Buried in that same edition of the Times was a short paragraph by Scott Shane: “What is missing from the public report is what many Americans most eagerly anticipated: hard evidence to back up the agencies’ claims that the Russian government engineered the election attack. That is a significant omission.”
Omission? No hard evidence? No problem. The publication of the Jan. 6, 2017 assessment got the ball rolling. And Democrats like Adam Schiff (D-Calif.) ranking member of the House Intelligence Committee, were kicking the ball hard down the streets of Washington. On Jan. 25, 2017, I had a chance to confront Schiff personally about the lack of evidence — something that even Obama had acknowledged just before slipping out the door. I think our two-minute conversation speaks volumes.
Now I absolutely look forward to dealing with Adam Schiff from my new position as CIA director. I will ask him to show me the evidence of “Russian hacking” that he said he could not show me on Jan. 25, 2017 – on the chance his evidence includes more than reports from the New York Times.
Sources
Intelligence analysts put great weight, of course, on sources. The authors of the lede, banner-headlined NYT article of Jan. 7, 2017 were Michael D. Shear and David E. Sanger; Sanger has had a particularly checkered career, while always landing on his feet. Despite his record of parroting CIA handouts (or perhaps partly because of it), Sanger is now the NYT’s chief Washington correspondent.

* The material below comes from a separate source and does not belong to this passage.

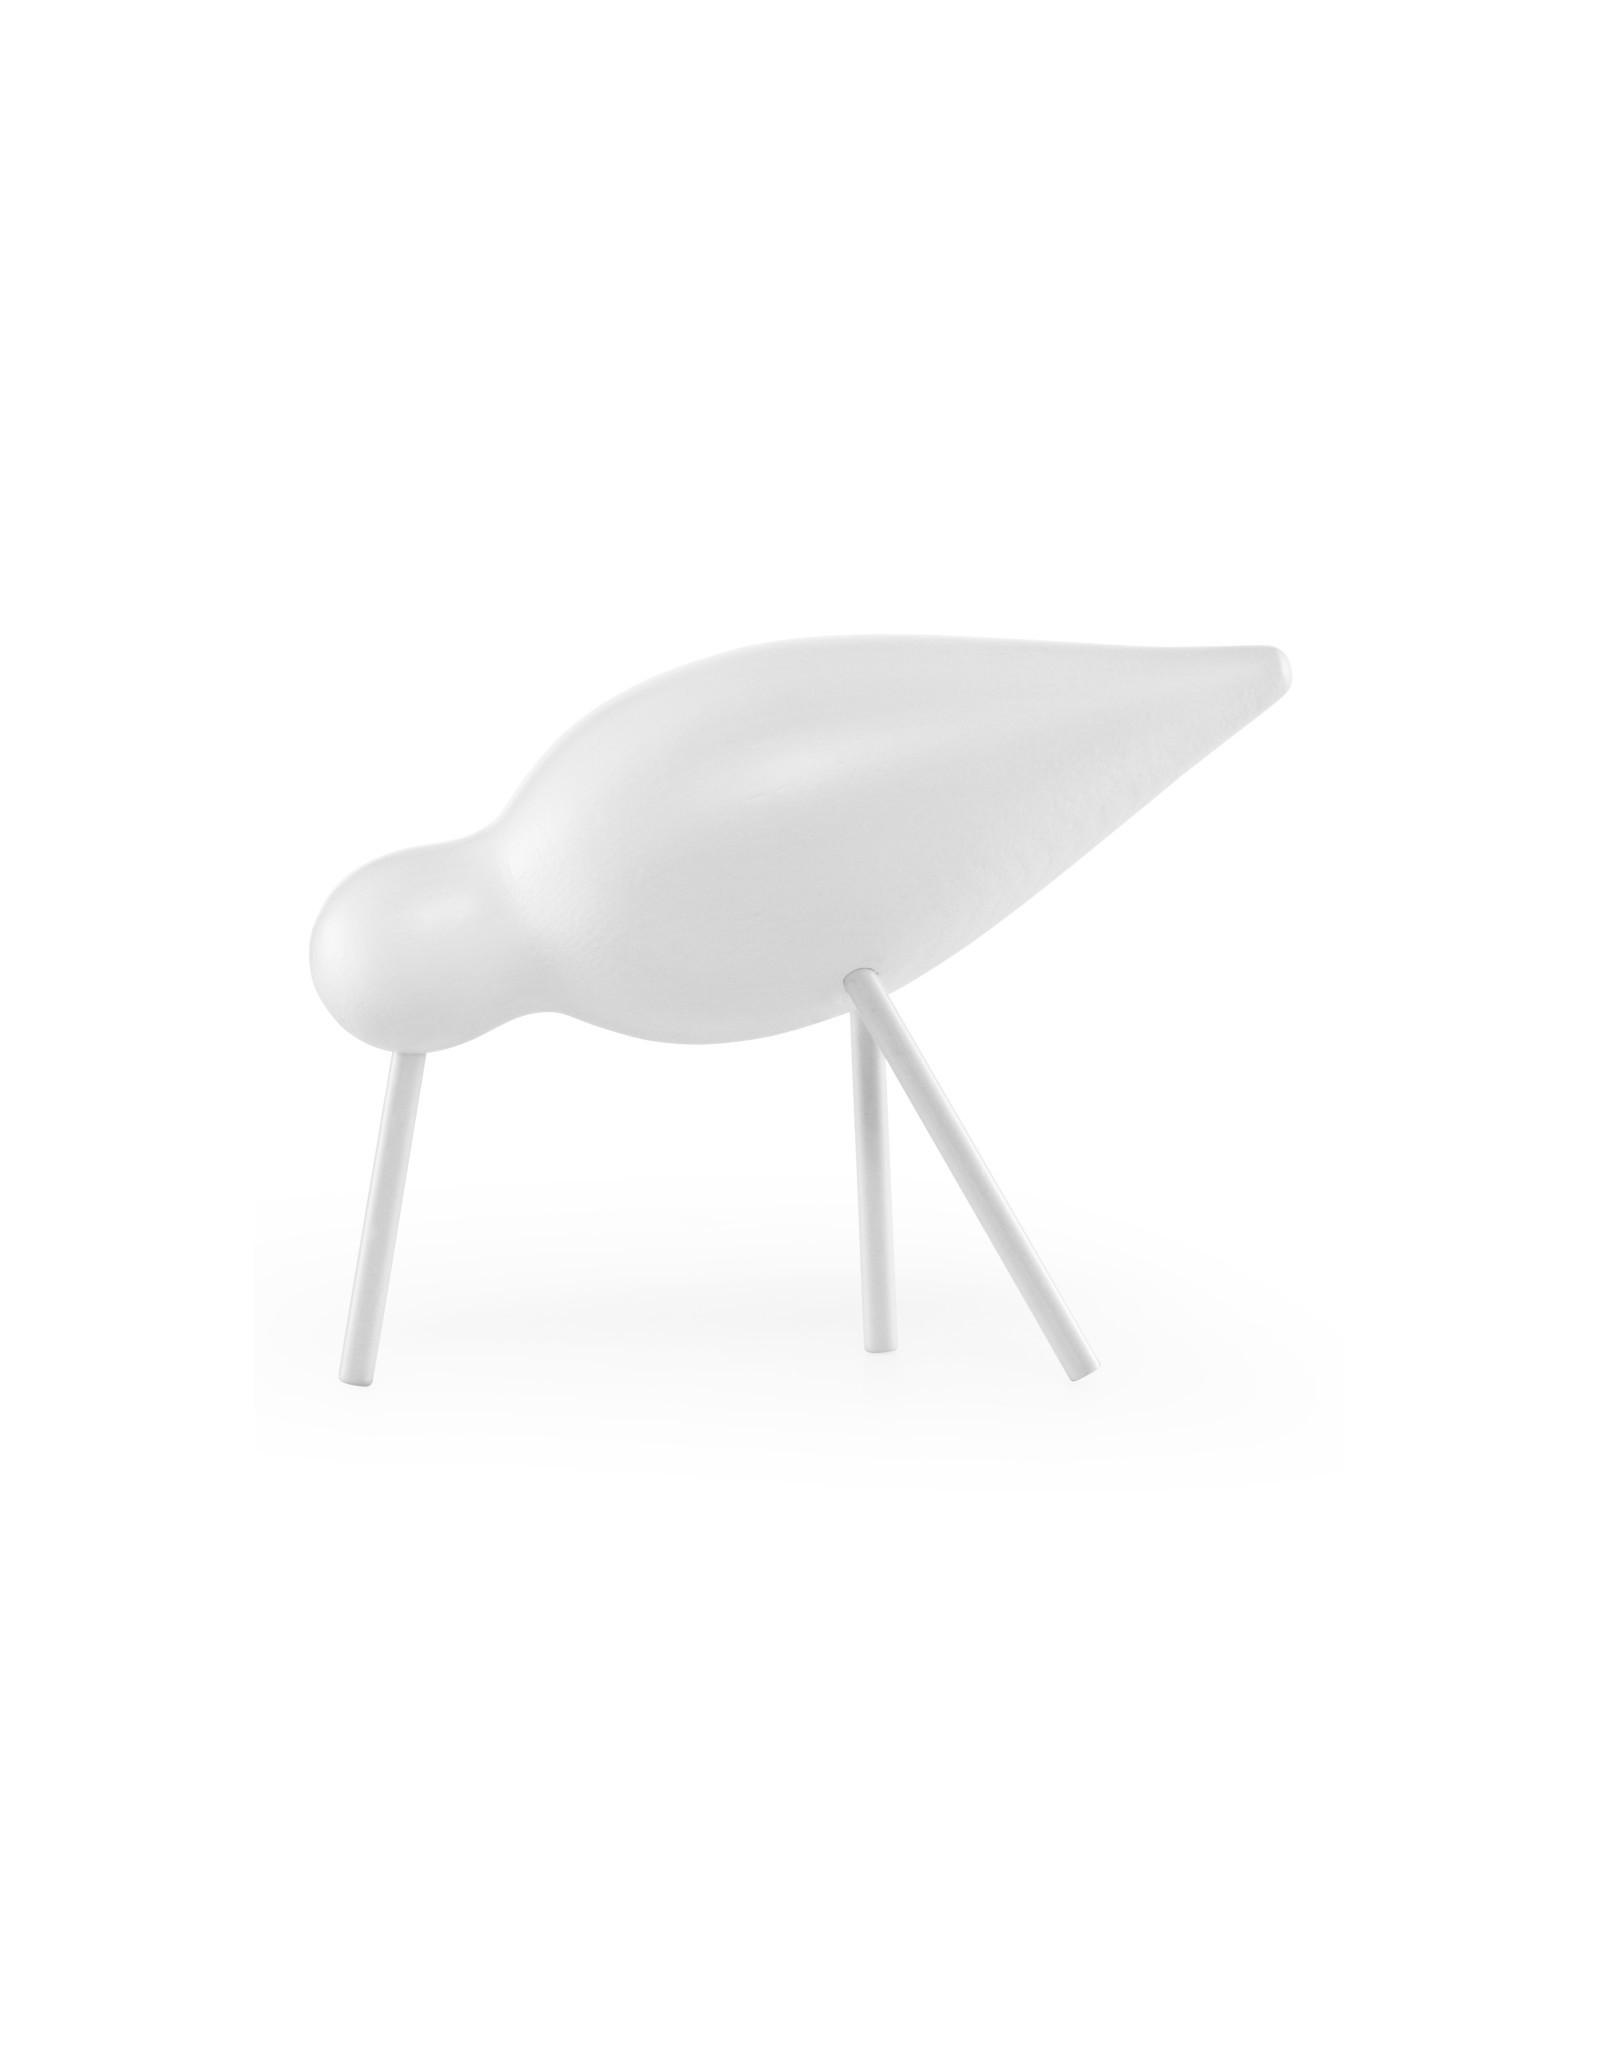 Normann Copenhagen Normann Shorebird Medium White/White
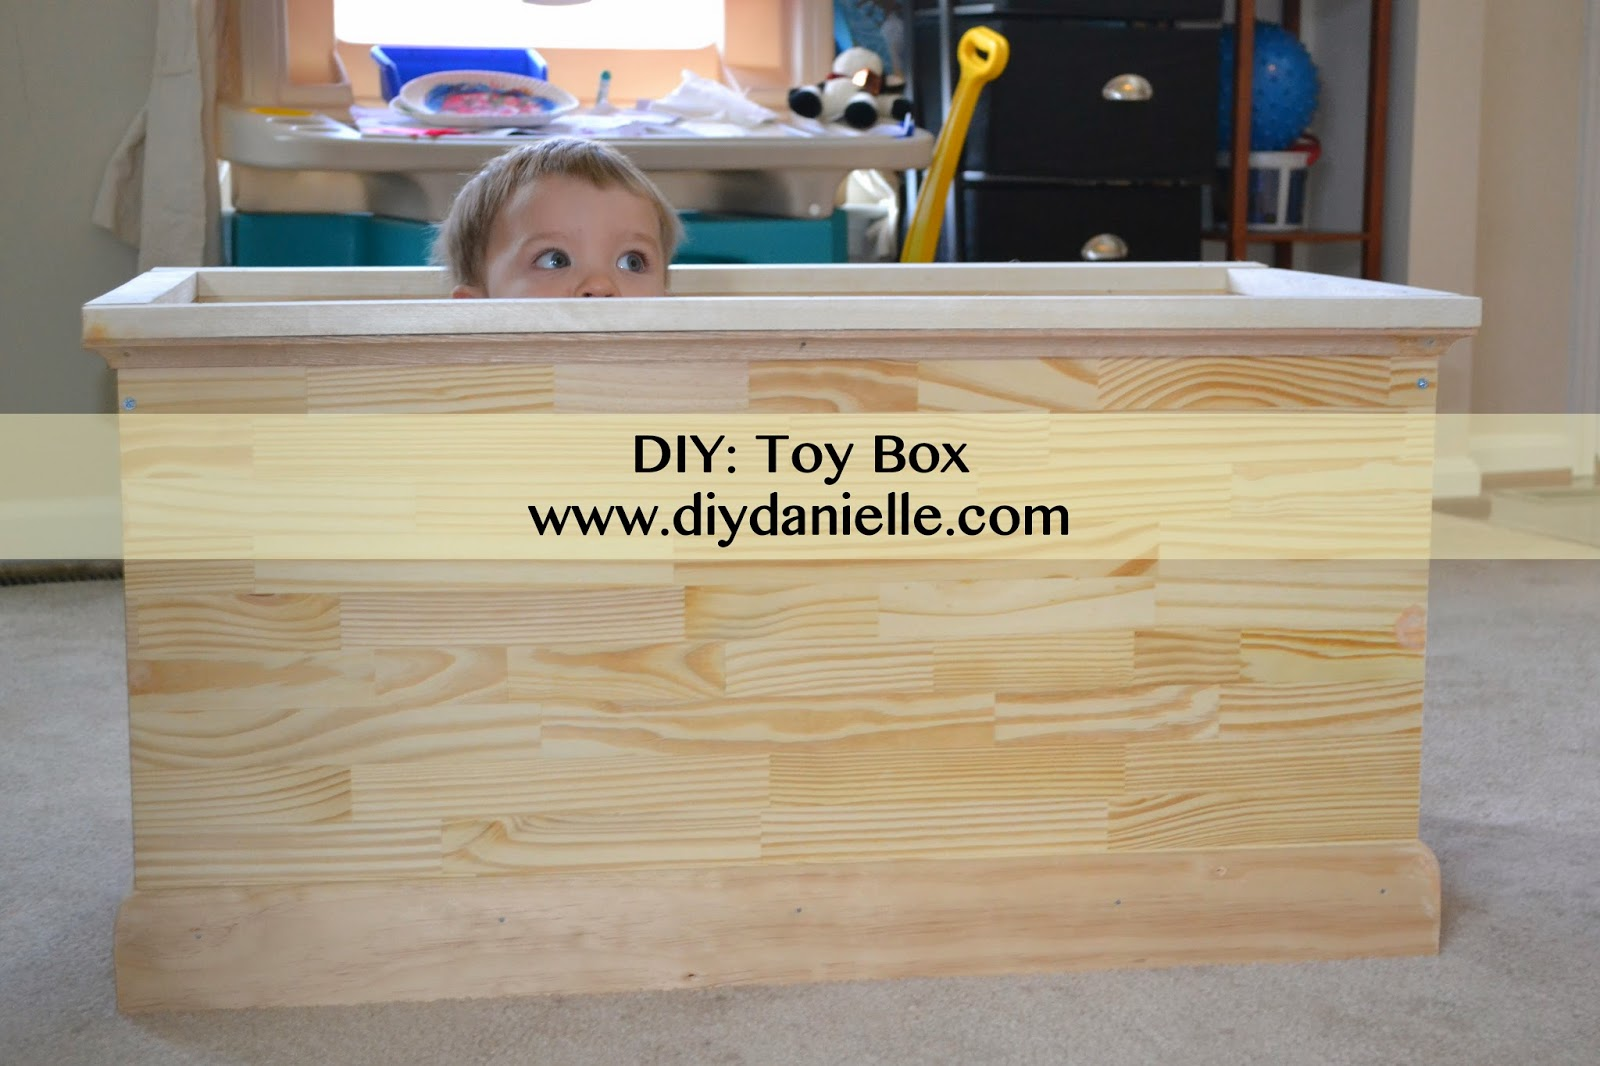 DIY make your own toy box plans Blueprints

Those whose memories go back more than 15 years may recall his promoting weapons of mass destruction in Iraq as flat fact. In a July 29, 2002 article co-written with Them Shanker, for example, Iraq’s (non-existent) “weapons of mass destruction” appear no fewer than seven times as flat fact.
More instructive still, in May 2005, when first-hand documentary evidence from the now-famous “Downing Street Memorandum” showed that President George W. Bush had decided by early summer 2002 to attack Iraq, the NYT ignored it for six weeks until David Sanger rose to the occasion with a tortured report claiming just the opposite. The title given his article of June 13 2005 was “Prewar British Memo Says War Decision Wasn’t Made.”
Against this peculiar reporting record, I was not inclined to take at face value the Jan. 7, 2017 report he co-authored with Michael D. Shear – “Putin Led a Complex Cyberattack Scheme to Aid Trump, Report Finds.”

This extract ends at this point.